Çoğu insan Nietzsche’yı, bir filozoftan çok şair veya kâhin olarak görür. Onun “güç istenci” teorisi âdeta modern insanın ahlakını özetler. Buna göre insan doğası, tamamen güç istencinin bir şeklidir. Her türlü hareket ve eylem, güç istencinin hiyerarşik olarak üstünlük kurma tasarısından ibarettir. “Üstinsan” ise bu güç istencini tamamlayan bir kavramdır. Yaşadığımız dünyanın anlamının, dinî inançlar yerine insan aklı ve yeteneklerinde aranması gerektiğini savunan bu yaklaşım, modern Batı medeniyetinin de temelini oluşturur.
Güçlünün haklı olduğu bu yeni düzen, en başta Hristiyan değerlerine ardından da her türlü inanç ve geleneğe saldırır. “Protestan ahlakı” denen şey, güç istencinin makul gerekçelerini dinî anlayışa uyarlamaktan başka bir şey değildir. “Seçilmiş millet” veya “seçilmiş cemaat” söylemini dile getiren püritenler, evanjelistler, methodistler ve baptistler bu anlayışın boy verdiği Protestan mezhepleridir. Bu mezhepler, başta ABD ve İngiltere olmak üzere küresel sistemi temsil eden Batı ülkelerinde siyasi iradeyi elinde tutmaktadır.
Özelikle ABD’yi elinde tutan evanjelistlerin “armageddon” kehanetine binaen siyonistlerle iş birliği içerisinde hareket etmesi, yukarıda bahsettiğimiz sapkın dinî anlayıştan kaynaklanır. Oysa Katolik inancında Yahudiler, İsa’nın katilleri olduğu gerekçesiyle lanetlenirler. Yüzyıllarca süren bu anlayış, daha yakın zamanlarda kaldırılmıştır. Vatikan bunu kaldırsa da Katolik halkların İsrail’e ve siyonizme gösterdikleri tepki söz konusu tarihî geri planın neticesidir.

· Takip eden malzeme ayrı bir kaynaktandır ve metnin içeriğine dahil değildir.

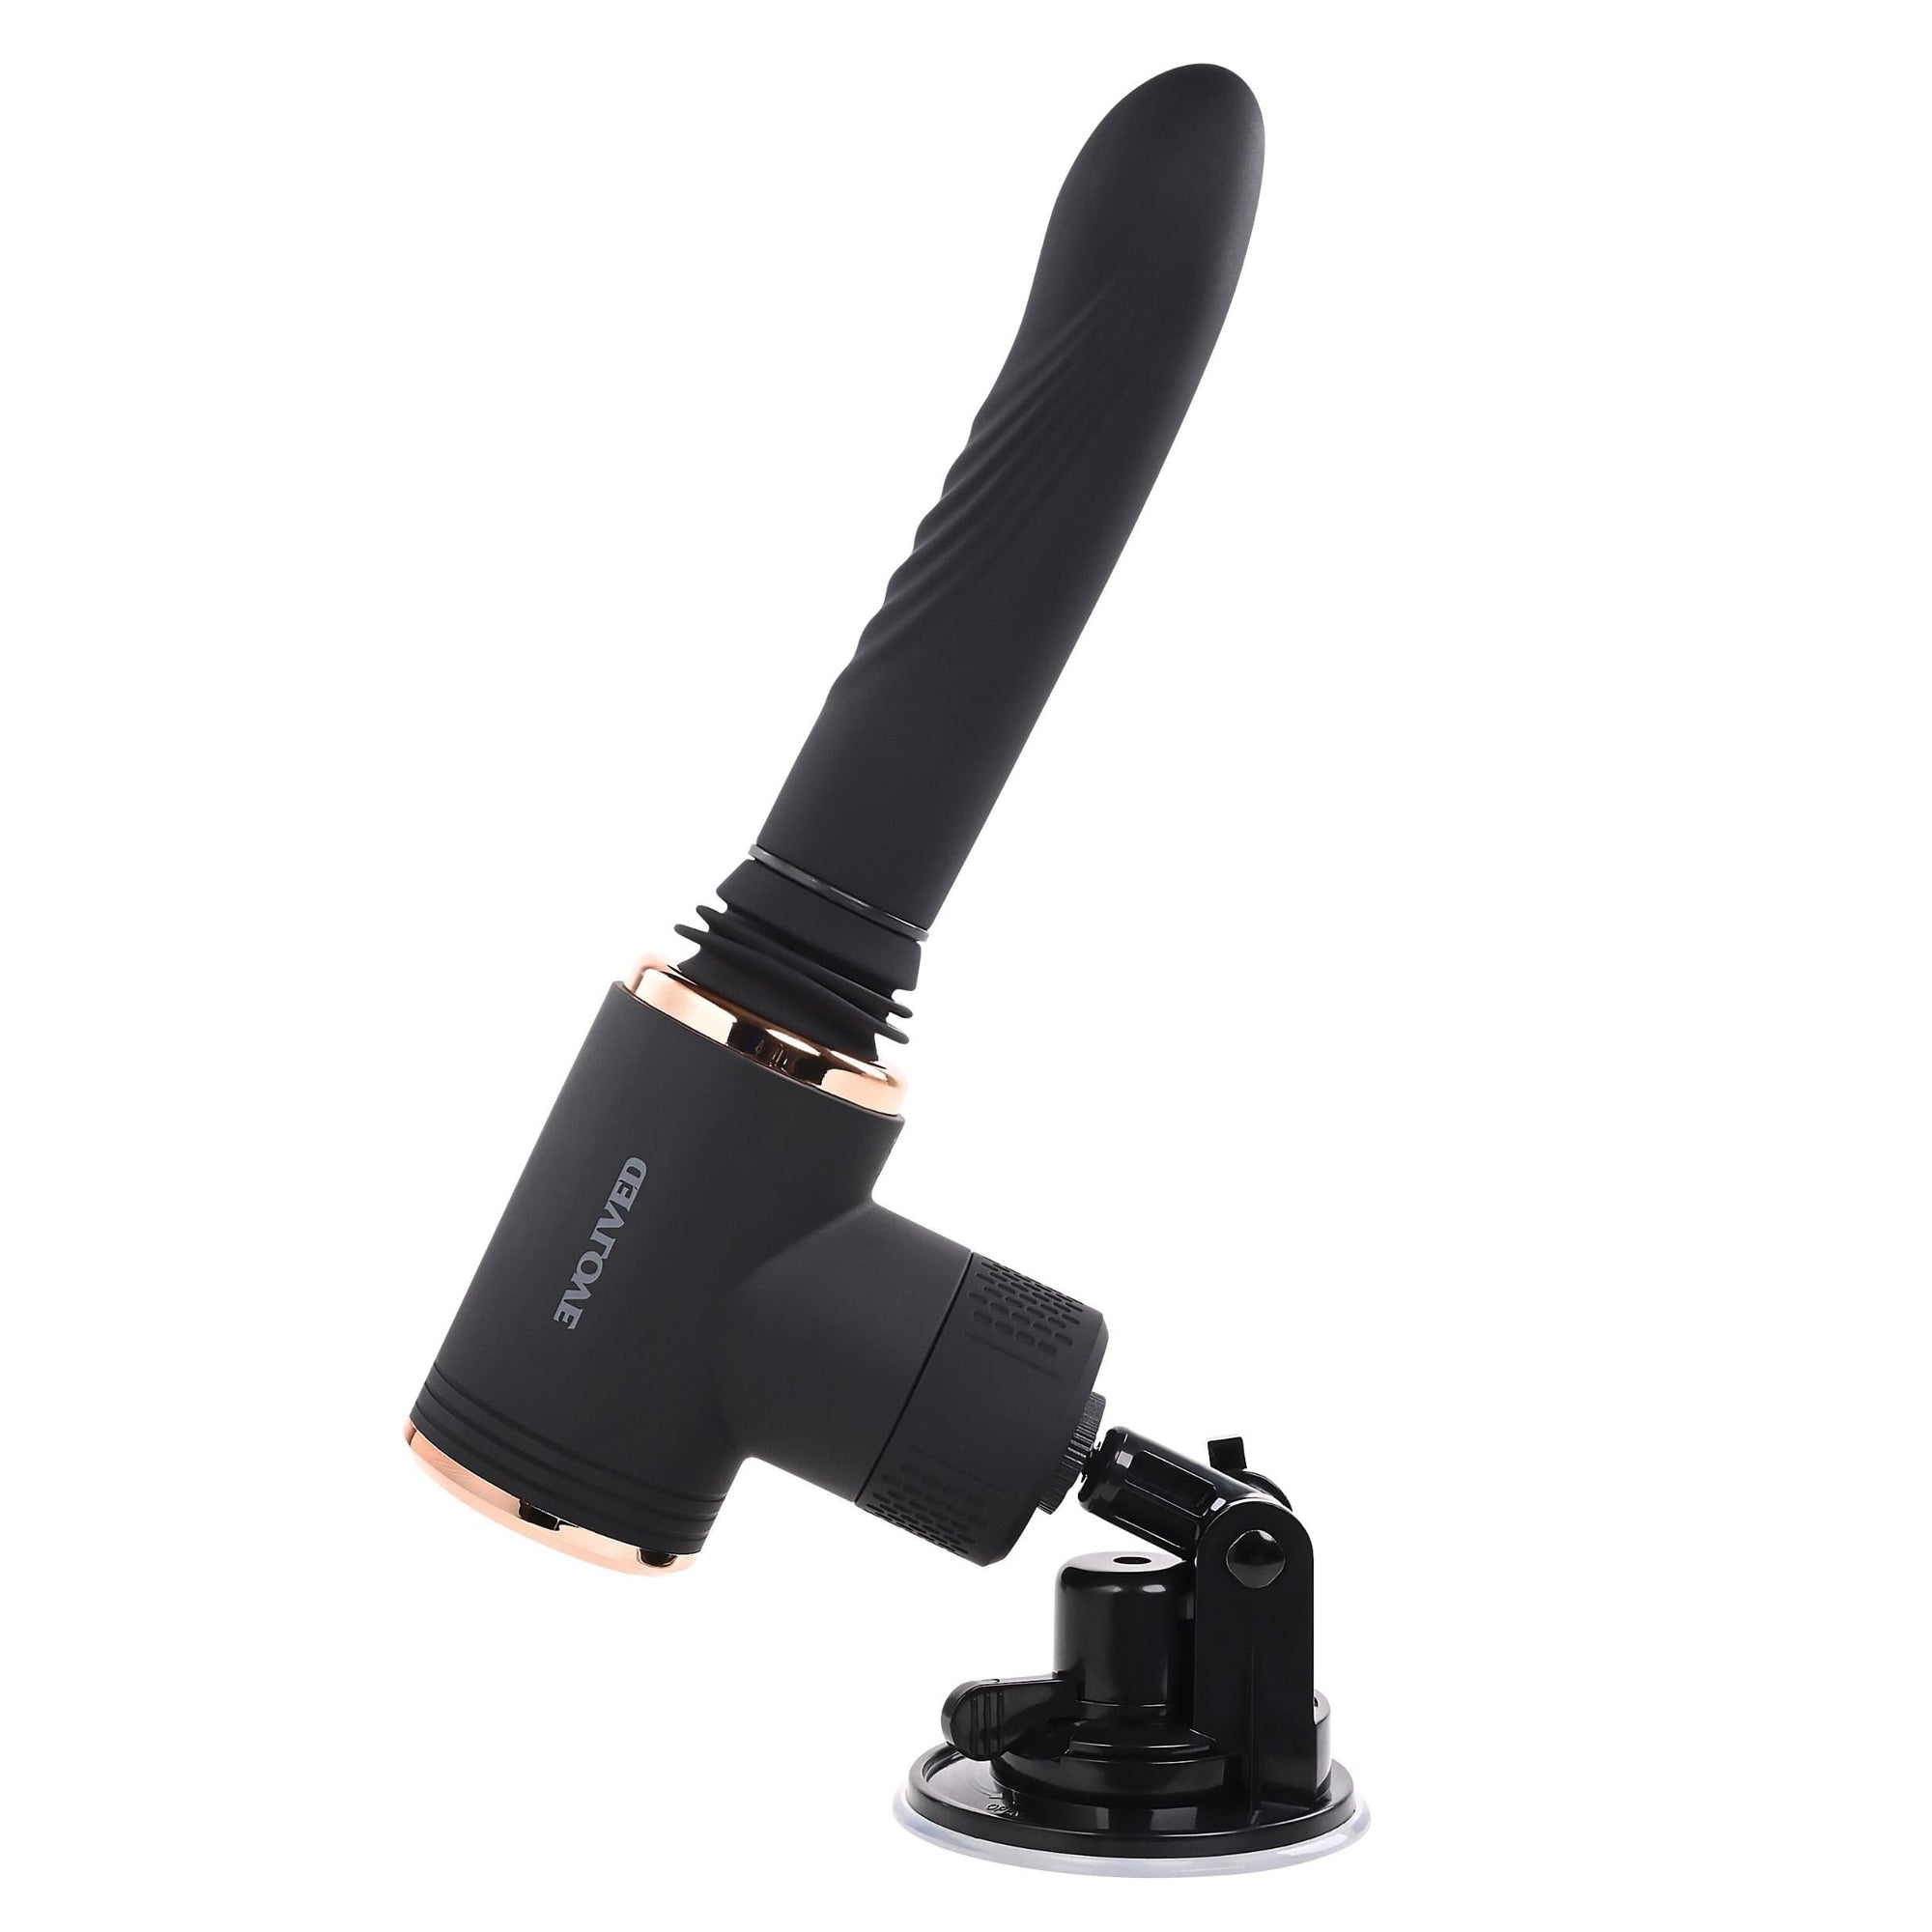 suction vibrator, suction cup vibrator

İsrail’e en şiddetli tepki gösteren Hristiyan ülkelere baktığımızda bu gerçeği görürüz. İspanya, Brezilya, Şili, Meksika, Küba, Venezuela, Kolombiya gibi ülkeler Katolik mirastan kaynaklanan bir tepkiyi yansıtmaktadır. Bu ülkelerden bazılarının tepkisi, sözde Müslüman ülkelerden bile ileri düzeydedir.
“Güç istenci” özü itibarıyla her çağda gücü elinde bulundurmak, diğer ülkelere ve milletlere hükmetmek sevdasını yansıtır. Anglosakson ülkelerin Protestan ahlakı ile Yahudilerin “seçilmiş millet” anlayışı, tam da bu noktada birleşir. Bu sebeple Protestan ülkelerdeki İsrail karşıtı tepkiler, daha çok insani gerekçelere dayanır ve inançsız/hümanist kesimlerin desteğine sahiptir.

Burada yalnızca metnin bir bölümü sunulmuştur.